What is being asked
Leaving out the pictures, please reproduce exactly and only the lines from the one that contains "highlighted on Wix" through the last line below.

Source data

--

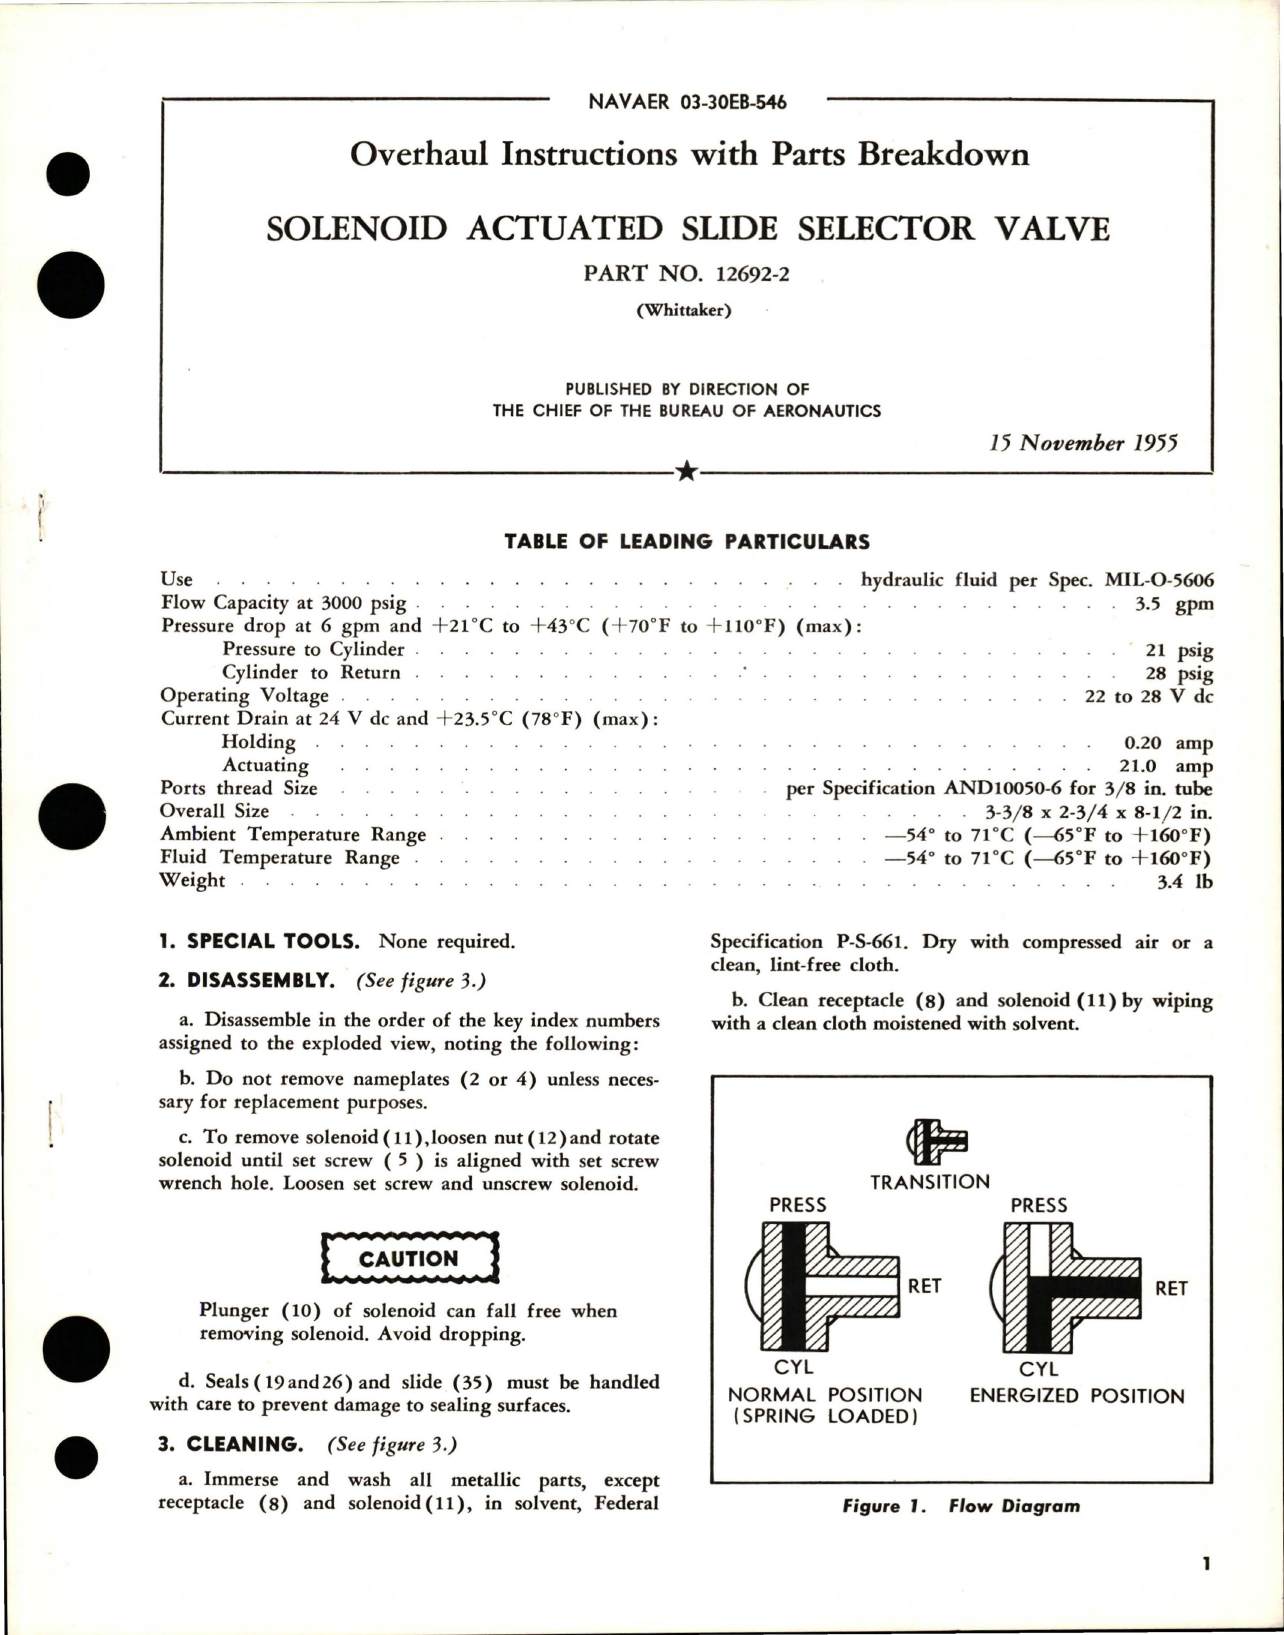 Sample page 1 from AirCorps Library document: Overhaul Instructions with Parts for Solenoid Actuated Slide Selector Valve - Part 12692-2
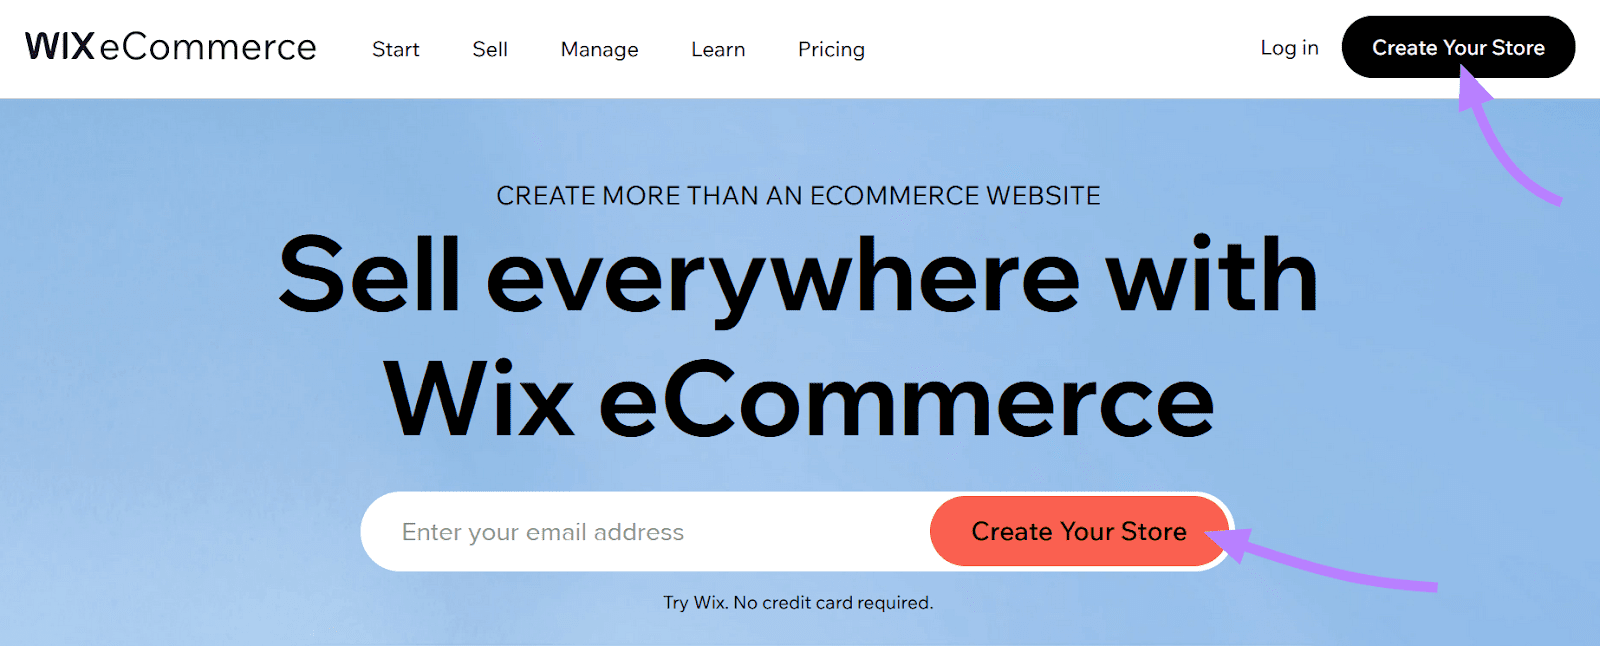 "Create Your Store" CTA highlighted on Wix
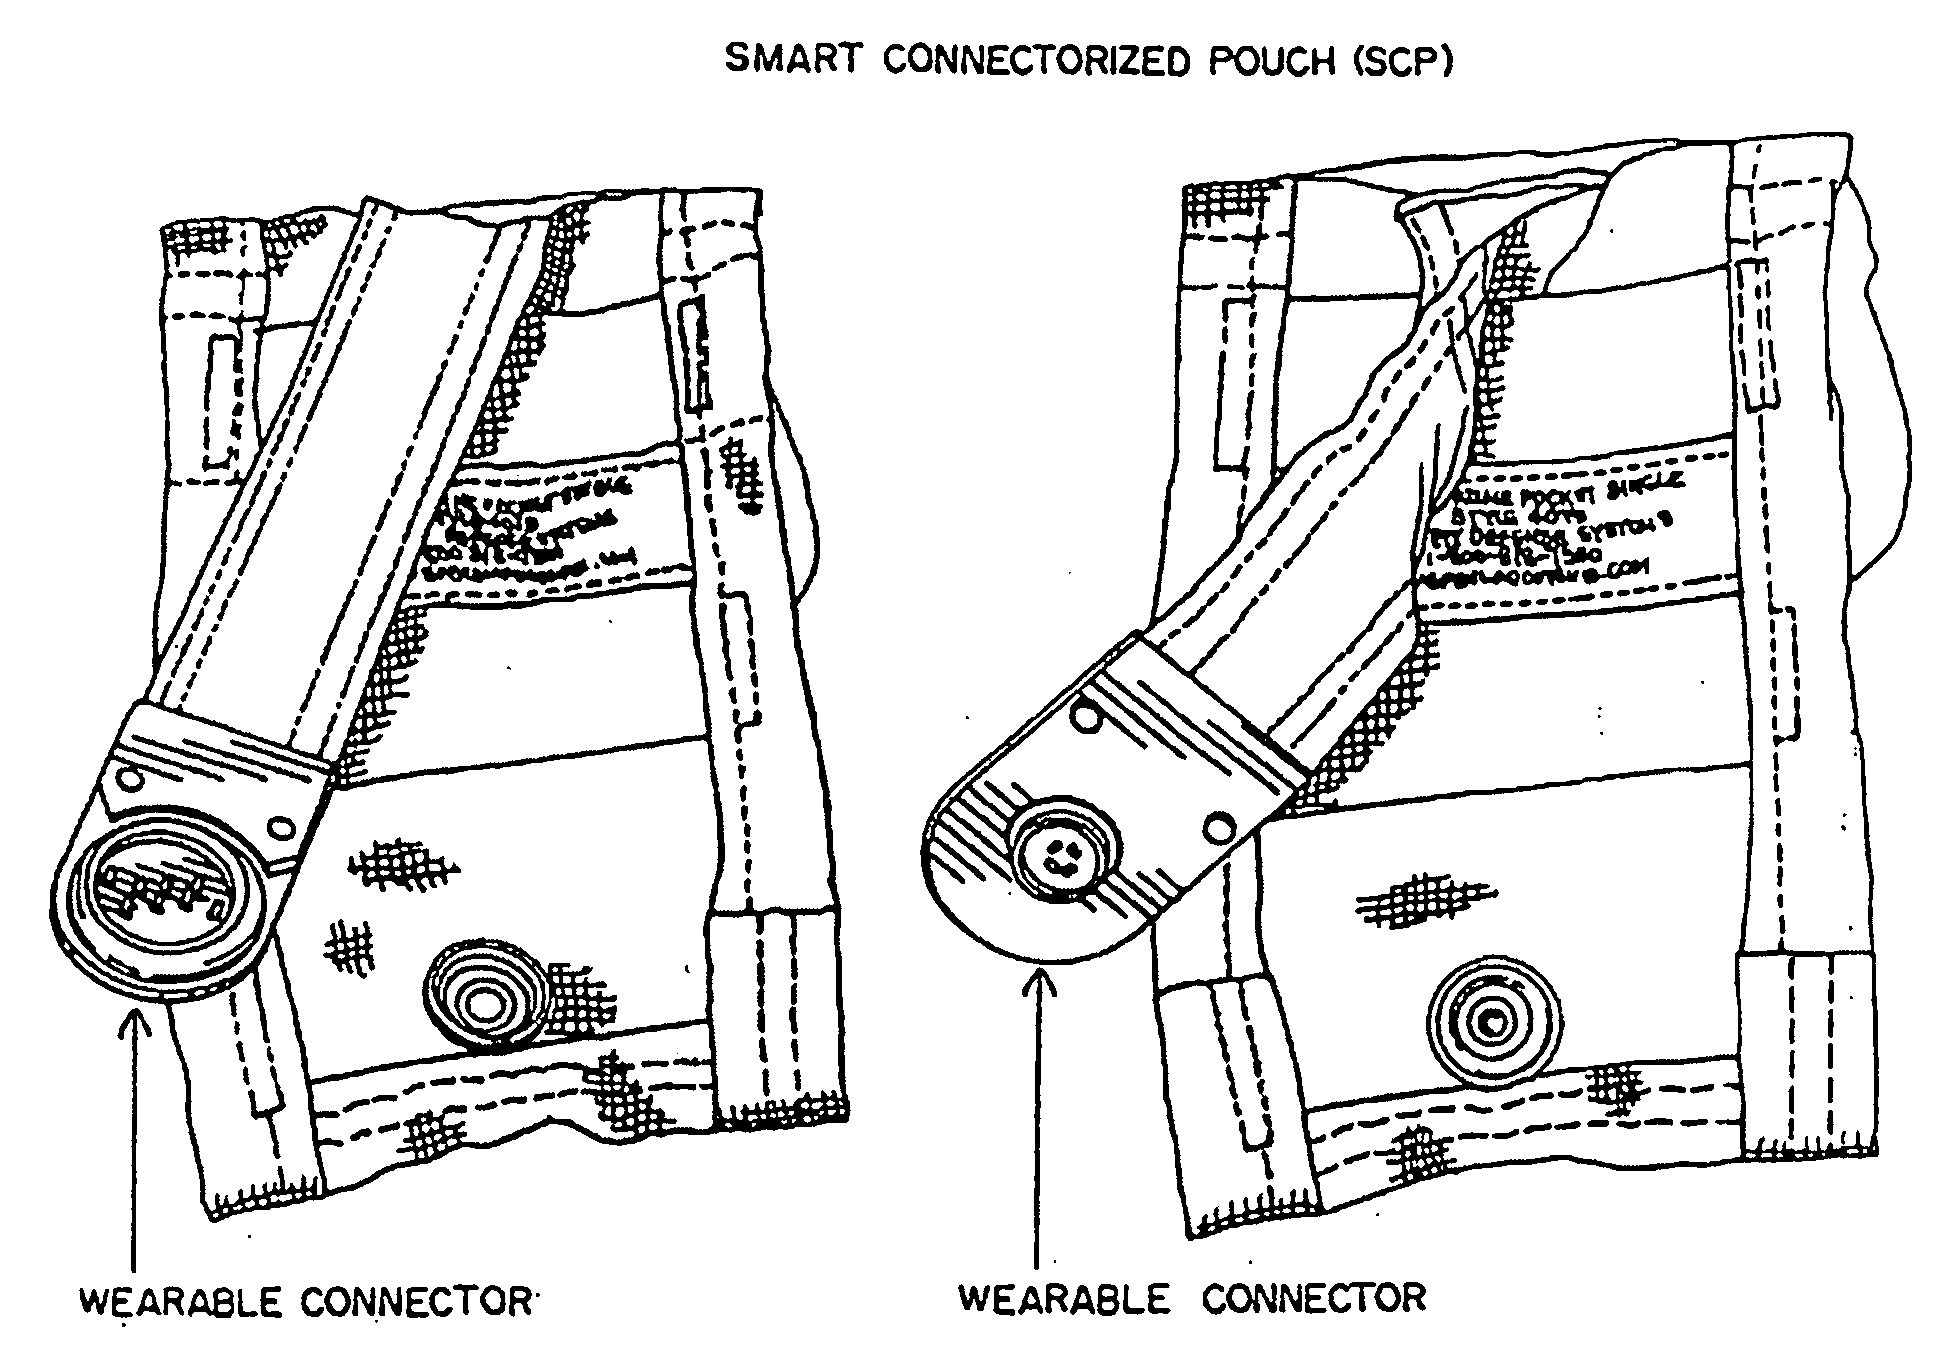 Self-identifying electrical connector
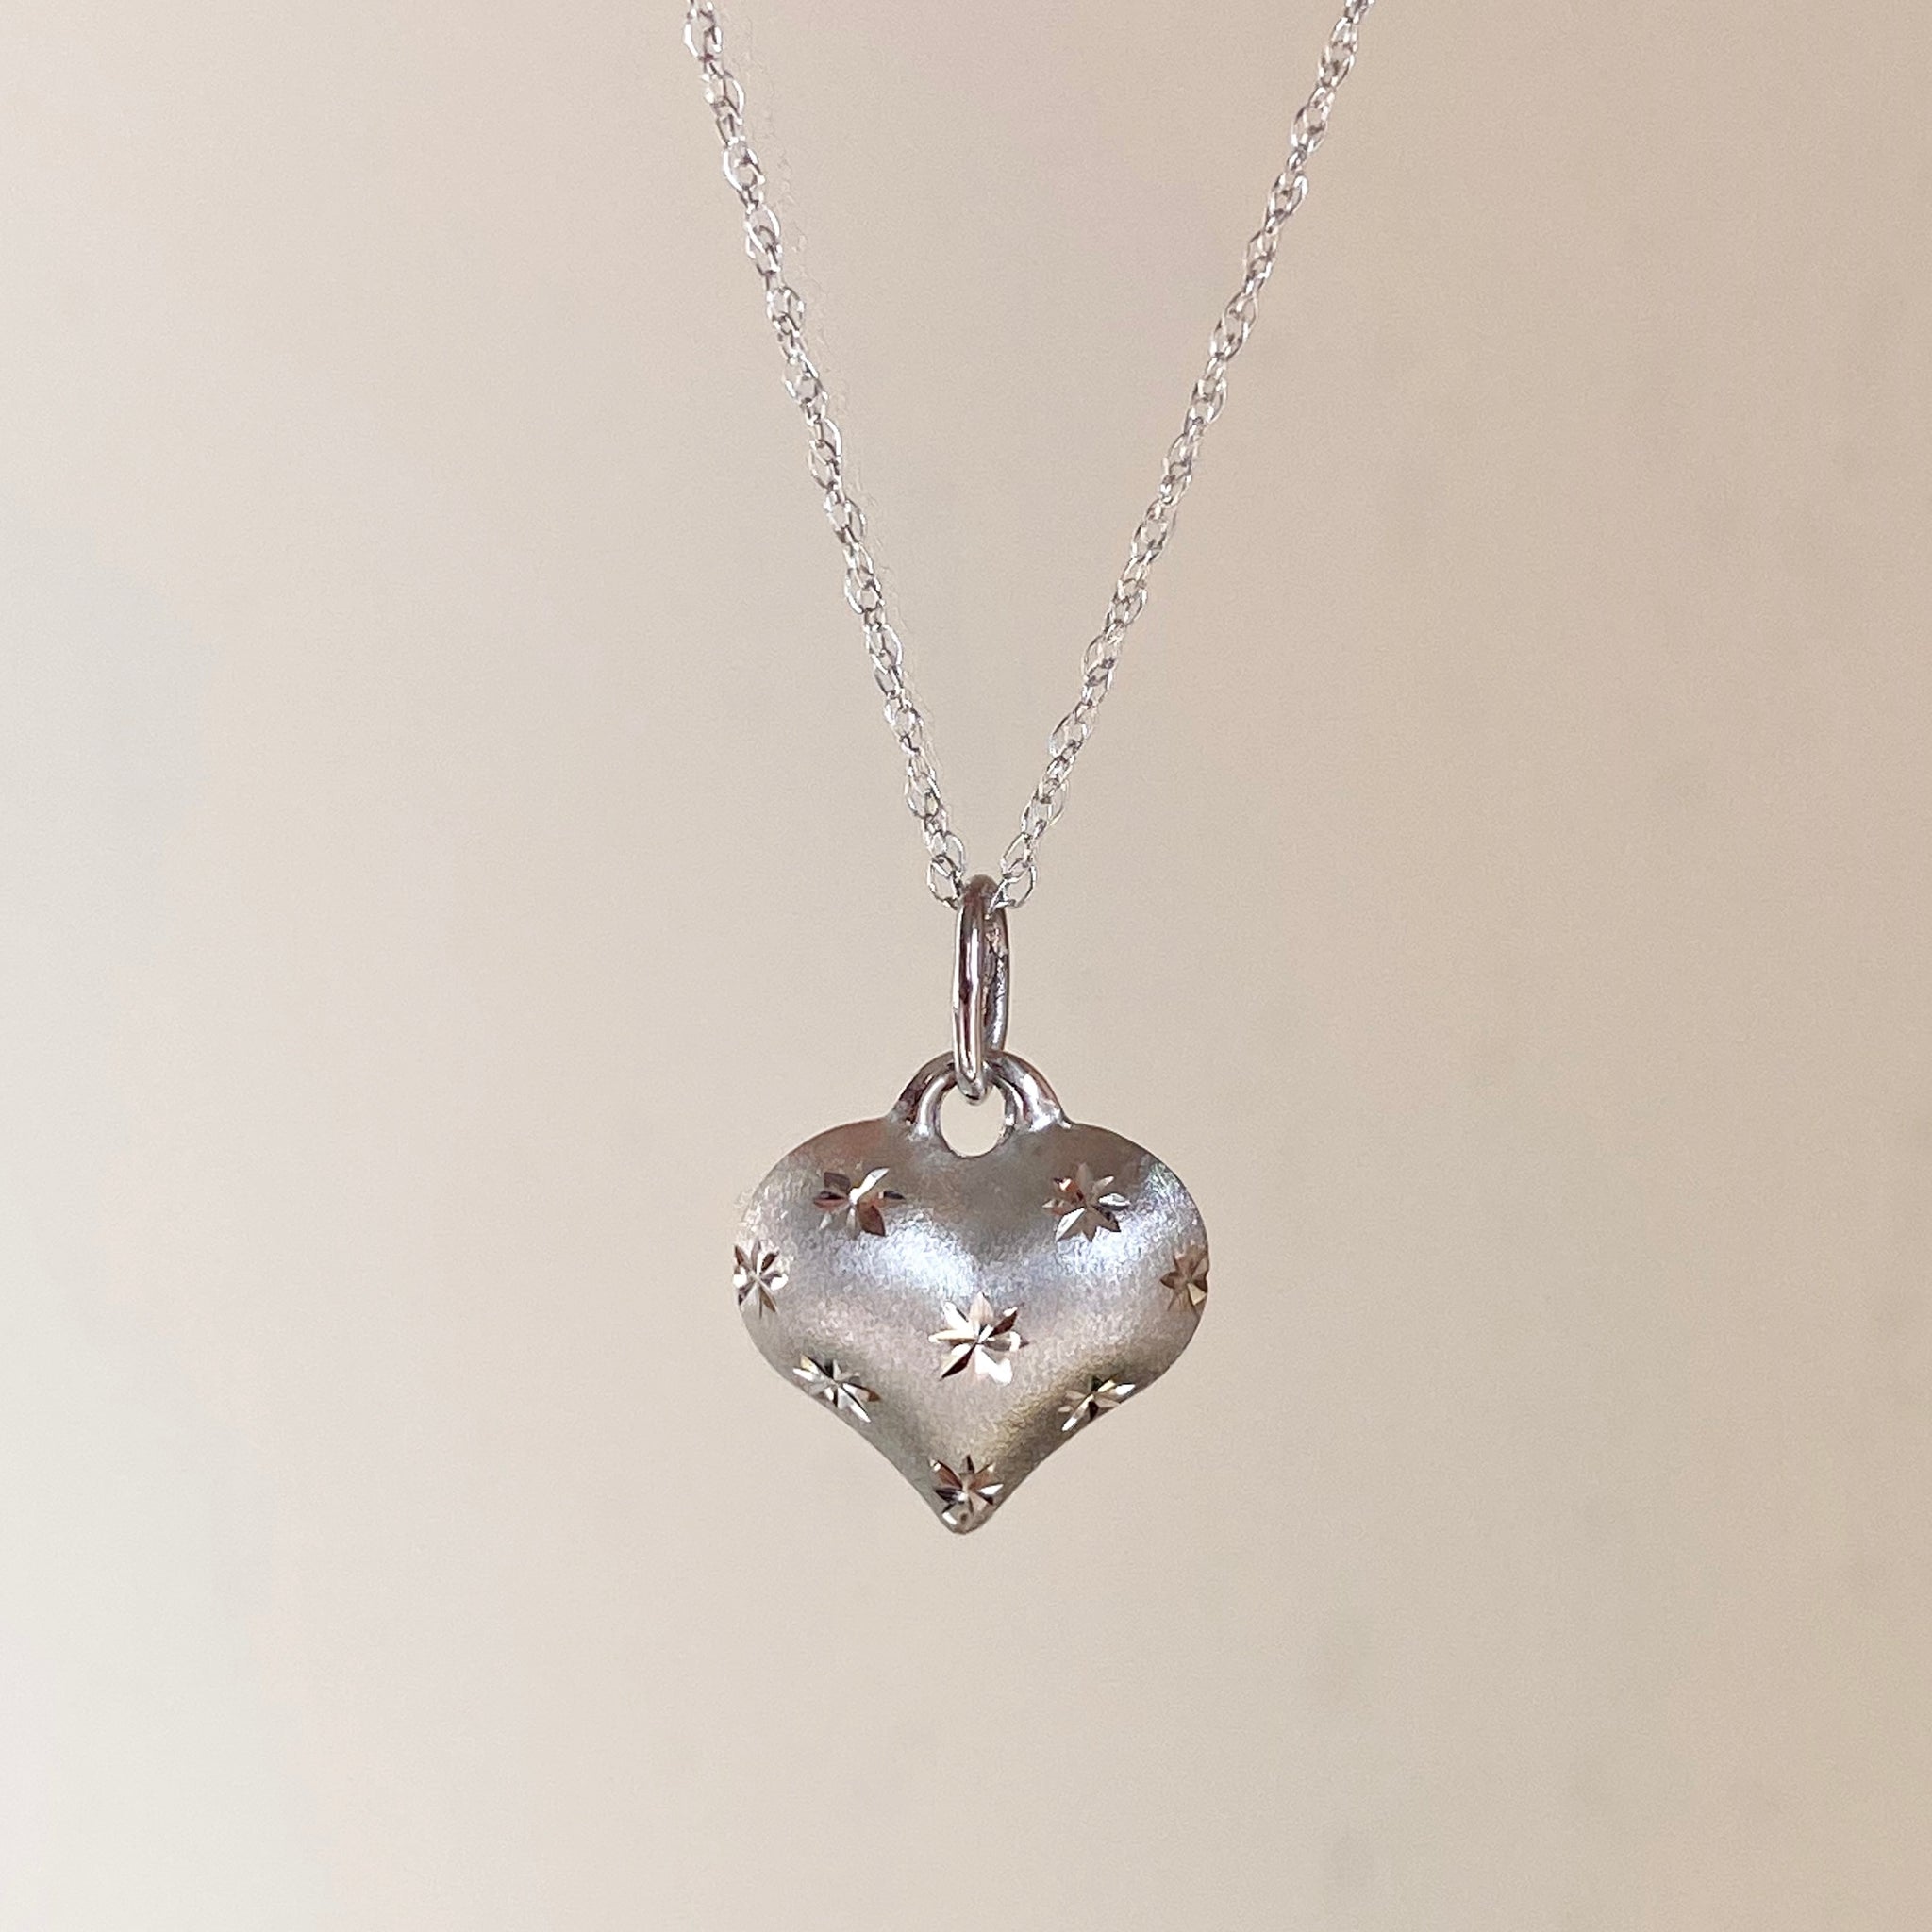 14k Gold 3D Heart Necklacebig Size Puffy Heart Pendant With

--

Task response
 "Create Your Store" CTA highlighted on Wix
 Self-identifying electrical connector
 14k Gold 3D Heart Necklacebig Size Puffy Heart Pendant With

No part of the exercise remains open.